Liebe Frau Ordemann,

seit 2015 bin ich Selbstständig und seit dem auch freiwillig gesetzlich krankenversichert.
Meine Krankenkasse (HKK) hat nun eine Nachforderung in Höhe von 4.000 € für die Beitragsjahre 2015, 2016 und 2017 gestellt.

Meine Krankenkasse hat in den letzten Jahren, teilweise mehrmals pro Jahr, meine aktuelle Einkommenssituation abgefragt, welcher ich auch immer direkt nachgekommen bin.
Meine Gehaltsnachweise und Steuerbescheide habe ich immer sofort übermittelt, weshalb ich nicht verstehe, dass jetzt – 5 Jahre später – eine solche Nachforderung kommt.

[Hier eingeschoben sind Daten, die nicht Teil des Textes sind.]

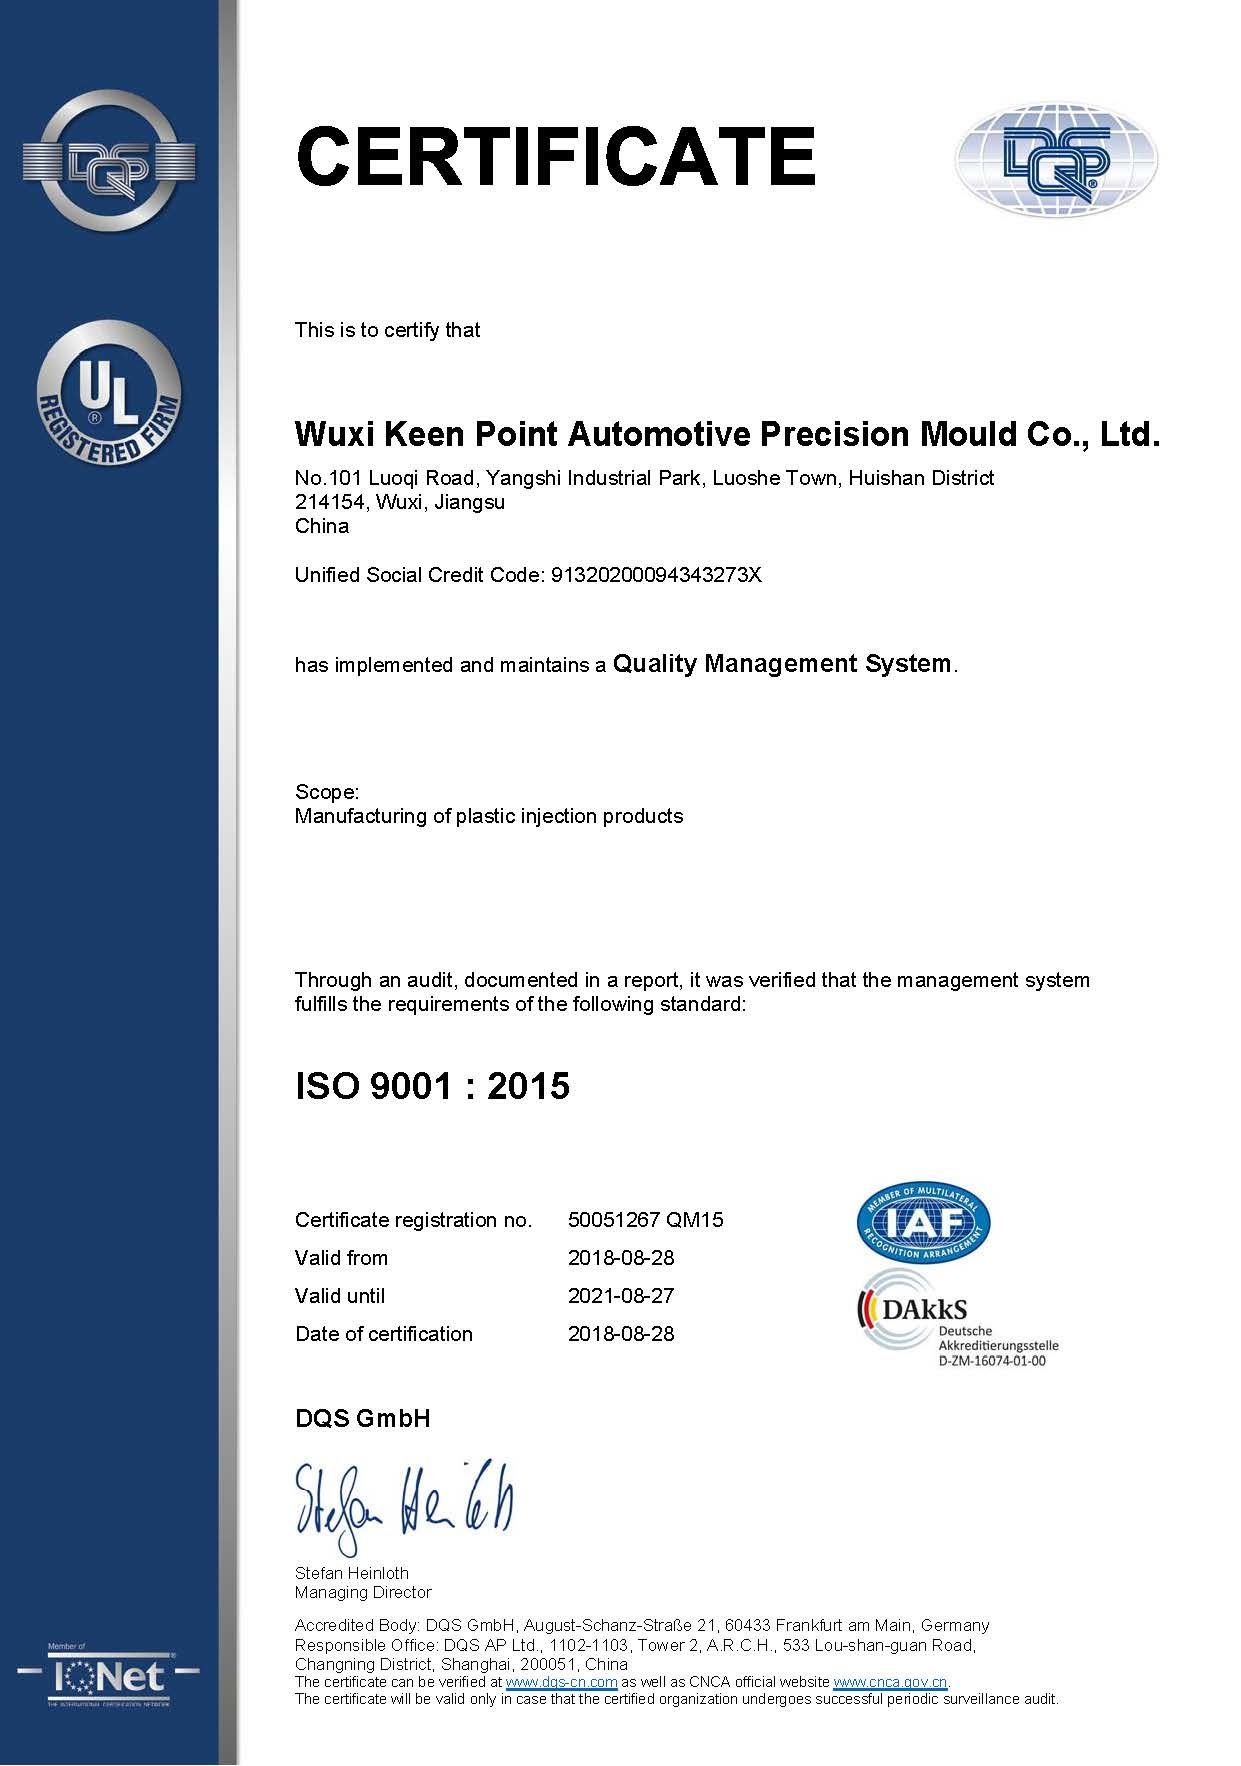 ISO 9001 Certificate of Wuxi Keen Point Automotive Precision Mould Co., Ltd.

Ich hätte erwartet, dass meine Beiträge aufgrund meiner regelmäßigen Informationen entsprechend automatisch angepasst werden würden. Zumal es in dieser Zeit auch tatsächlich Anpassungen in der Beitragshöhe gegeben hat, so dass die HKK also scheinbar irgendwie aktiv geworden ist.

Leider habe ich natürlich den Versand meiner Unterlagen nie dokumentiert, da ich nicht davon ausgegangen bin, das eine solche Nachforderung kommen wird. Zudem wurde ich teilweise mehrmals aufgefordert meine Steuerbescheide einzureichen, obwohl ich dieses bereits getan habe und zuletzt sogar persönlich in den Briefkasten eingeworfen habe.
Auf Nachfrage, warum ich den Nachweis erneut einreichen solle, machte eine Mitarbeitern mir gegenüber telefonisch die Andeutung, dass es in der Vergangenheit Probleme bei der digitalen Ablage der Belege gegeben hatte.

Sehen Sie hier eine Chance um die Nachzahlung zu vermeiden?

Wichtig:
Da der Betrag am 15.08.2020 von meinem Konto eingezogen wird, wäre es großartig wenn Sie mir eine Vorlage zum Einspruch (Fristverlängerung?) zukommen lassen könnten.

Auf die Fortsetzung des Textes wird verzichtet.